Coming from a college preparatory school, grades, extracurriculars, and college admission are constantly on our minds and giving us stress. Grades used to be the most important thing to me – if I got a low grade (low being a B or below) on anything, I would cry. Of course, going to a competitive high school and taking various challenging courses taught me that I need to be content with some lower grades, but I still have set the highest possible standard for myself in terms of overall grades.
However, recently there has been a shift in my attitude towards school. I guess I just realized that there really is more to life than school; that school is merely one of the things I’m doing to develop as a person. Radical, right? Previously, school was everything to me. I saw school as my life, and what I was doing with it. And, for many of us that is the case. But, a few things occurred in my life that led me to realize that it’s only one aspect of it.
First, I took a trip to my home town, Flagstaff. There, I rediscovered a sense of adventure that I’d lost in my childhood. I stumbled down a hill, lost my hat in the street and ran after it, went to a music store with my friend and stayed till it closed, walked around downtown with no sense of purpose of where to go, hunted for a coffee shop, and wandered with the only goal to be experiences.

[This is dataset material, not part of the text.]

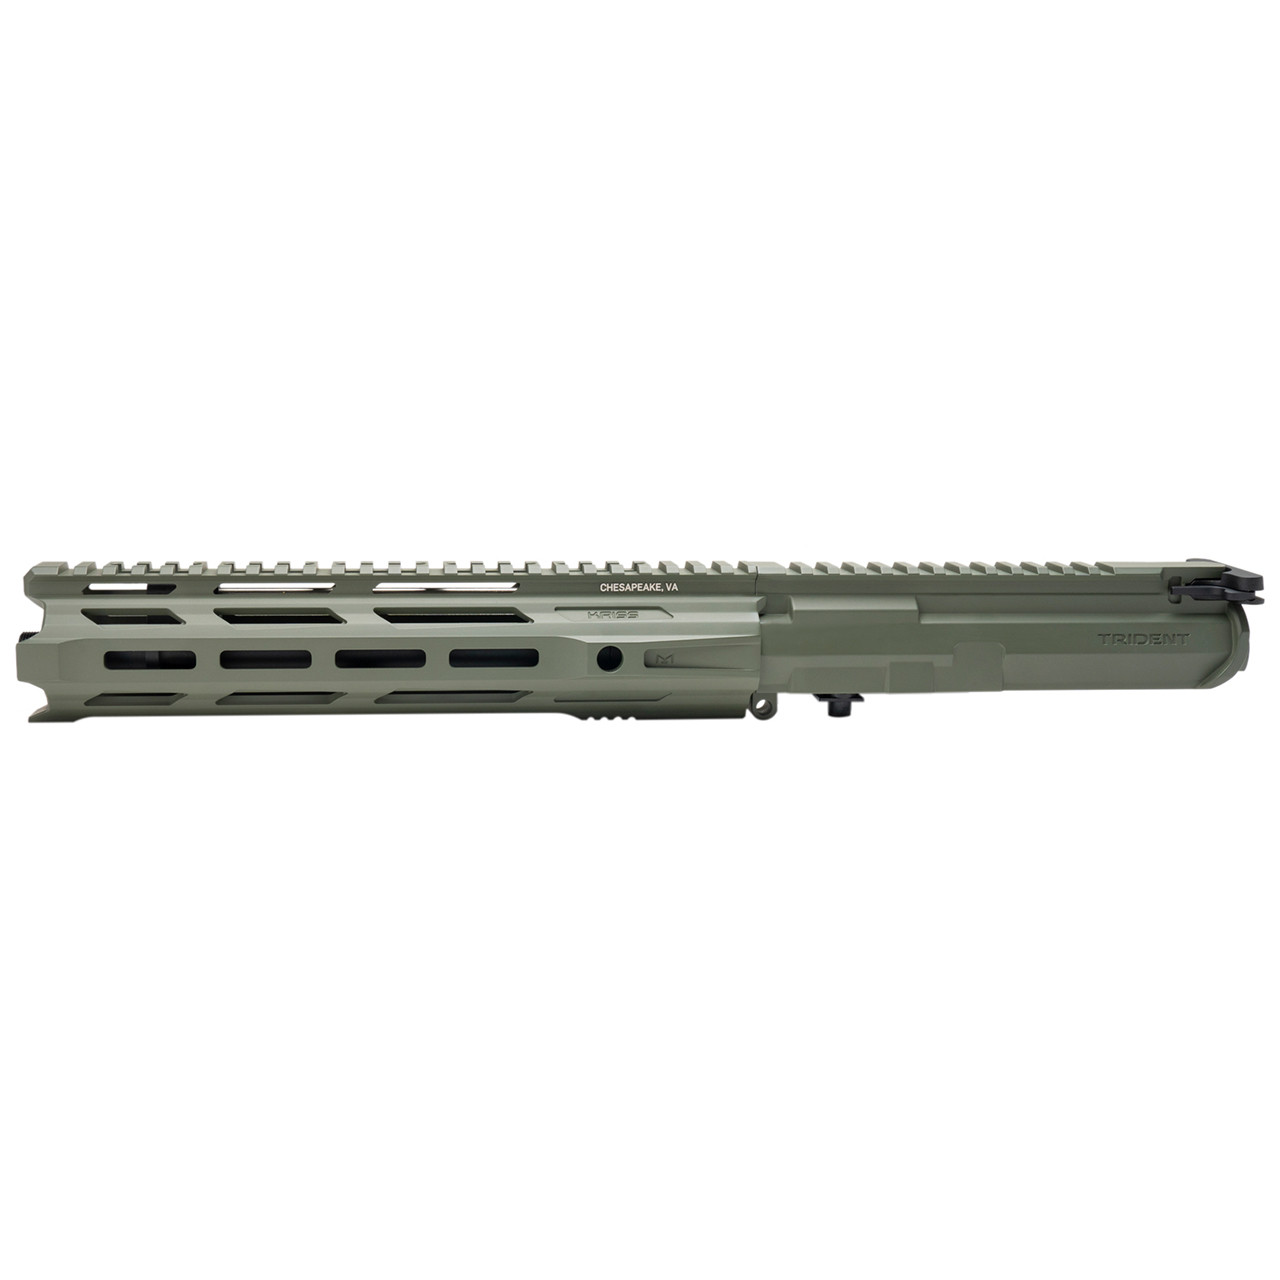 Shop Trident MK2 CRB-M Complete Upper Assembly / FG - $ 230 - Krytac.com | For Airsoft Use Only.

It was absolutely liberating. I cannot explain the feeling, and looking back I realize how much of a tragedy it is that I hadn’t had that feeling in so long.
The second thing that helped me realize there’s more to life than school is a program I recently became involved in, the Young Entrepreneurs Academy. This program takes place at my local University’s Business college, and it helps students like me develop and learn to run their own business. Of course, I already have ALT largely in place, but the program has a lot to offer and I’ve already learned a great deal from it. YEA has shown me that I am a business owner, and I need to own that. ALT is my life’s work and my livelihood, and I previously haven’t acknowledged that. ALT isn’t just some side project, which I’ve been treating it as, prioritizing school over it time and time again; rather, it is my job. I need to take it seriously, not like some hobby, in order for others to take it seriously as well.
So, my focus has shifted. I’m now more focused on experiences and building my business. I have a renewed passion for life, now that my success and my person is no longer being self-defined by a grade or an understanding of a class. Once I distanced myself from that notion, I felt immediately liberated and much more content with myself.
How does this manifest in my daily life? Well, I’m finding more and more time to dedicate to ALT, and I’m realizing that I don’t really need to spend quite so much time and energy on my schoolwork. Of course, I’m still going to keep up with all of my coursework and strive to get what I define to be good grades for myself, but it’s more my attitude that has changed towards it. I’m willing to do things I wouldn’t previously, like go to bed and do some homework in the morning, find times to get homework done during the day so I don’t have to worry about it as much after school, etc. In a nutshell, I’ve learned to let go a bit. I’ve let go of the notion that I always need to know exactly what’s going on in every class, and I’ve let go of the notion that I am failing if I don’t completely understand a given topic. With this shift, I’ve also been more willing to seek out help, which is an interesting observation. I don’t feel the need to figure everything out on my own; my nature is becoming more collaborative and community-based.
Perhaps some of this stuff is just coming with maturity of age and refinement of thought. But, I am in tune with these shifts and I’m embracing them. It’s uncharted territory for me, and I’m excited to see where it’s going to take me.